Optimize Mempool Reorg logic using Epochs, improving memory usage and runtime. #24158

JeremyRubin commented at 2:20 AM on January 26, 2022: contributor

This is a follow up PR to #21464 which improves the memory usage and runtime of the reorg update logic. The main changes are:

Use std::vector<txiter> in cacheMap instead of std::set<txiter> which makes (iirc) entries go from > ~64 bytes to just 8 bytes
Don't look up in cacheMap the updateIt N times, look it up once and directly write the vector with known length (saves resizing)
Use epochs to de-duplicate (saves N log N lookups)
trimming from setExclude in a hotter loop

Optimize Mempool Reorg logic using Epochs, improving memory usage and runtime 1eac472976

fanquake added the label Mempool on Jan 26, 2022

DrahtBot commented at 11:53 PM on January 26, 2022: contributor

The following sections might be updated with supplementary metadata relevant to reviewers and maintainers.

Conflicts

Reviewers, this pull request conflicts with the following ones:

#25290 ([kernel 3a/n] Decouple CTxMemPool from ArgsManager by dongcarl)

If you consider this pull request important, please also help to review the conflicting pull requests. Ideally, start with the one that should be merged first.

DrahtBot cross-referenced this on Jan 27, 2022 from issue [mempool] allow tx replacement by smaller witness by LarryRuane

DrahtBot cross-referenced this on Jan 27, 2022 from issue Use `int32_t` type for most transaction size/weight values by hebasto

mzumsande commented at 7:49 PM on February 16, 2022: contributor

What is the relationship of this PR to your #18191? Just judging from the title, they seem to do very similar things, although the code changes are not the same.

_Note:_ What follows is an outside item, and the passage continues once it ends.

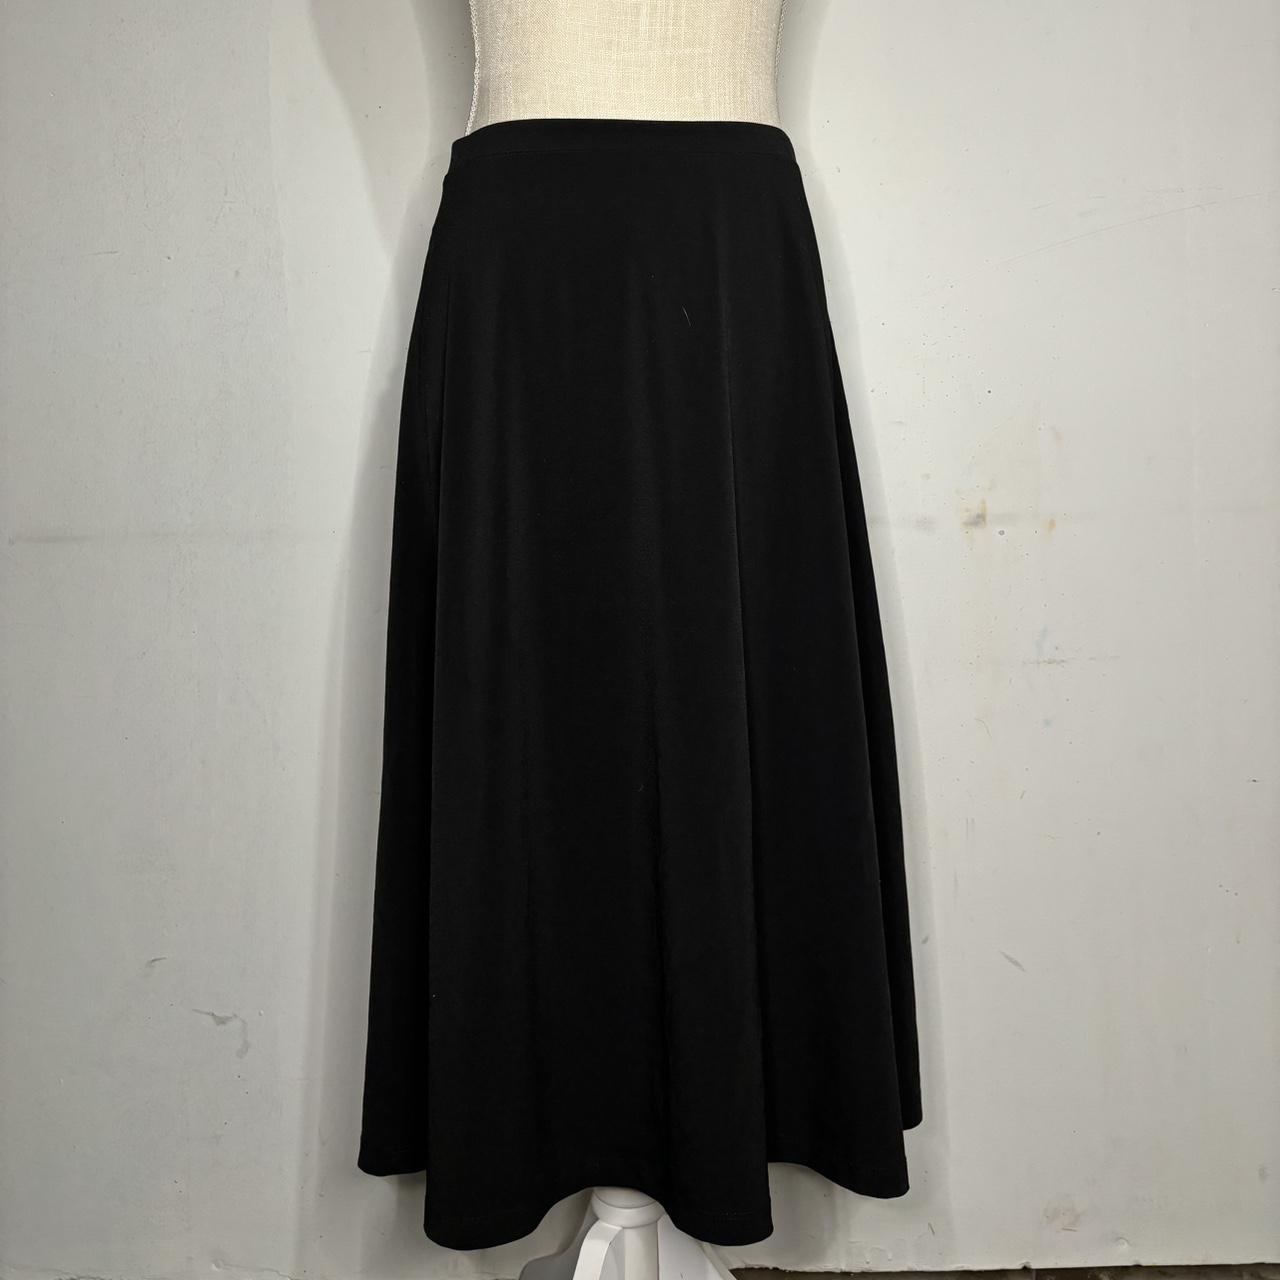 Nice everyday black skirt - Depop

JeremyRubin commented at 7:59 PM on February 16, 2022: contributor

They were split out from an initial patch set to make it easier to review.

#18191 is the component which has some behavioral change, #24158 is a pure optimization.

JeremyRubin commented at 8:01 PM on February 16, 2022: contributor

see the pr description of #18191

There's potential for a better -- but more sophisticated -- algorithm that can be used taking advantage of epochs, but I figured it is better to do something that is simple and works first and upgrade it later as the other epoch mempool work proceeds as it makes the patches for the epoch algorithm simpler to understand, so you can consider this as preparatory work. It could either go in now if it is not controversial, or we could wait until the other patch is ready to go.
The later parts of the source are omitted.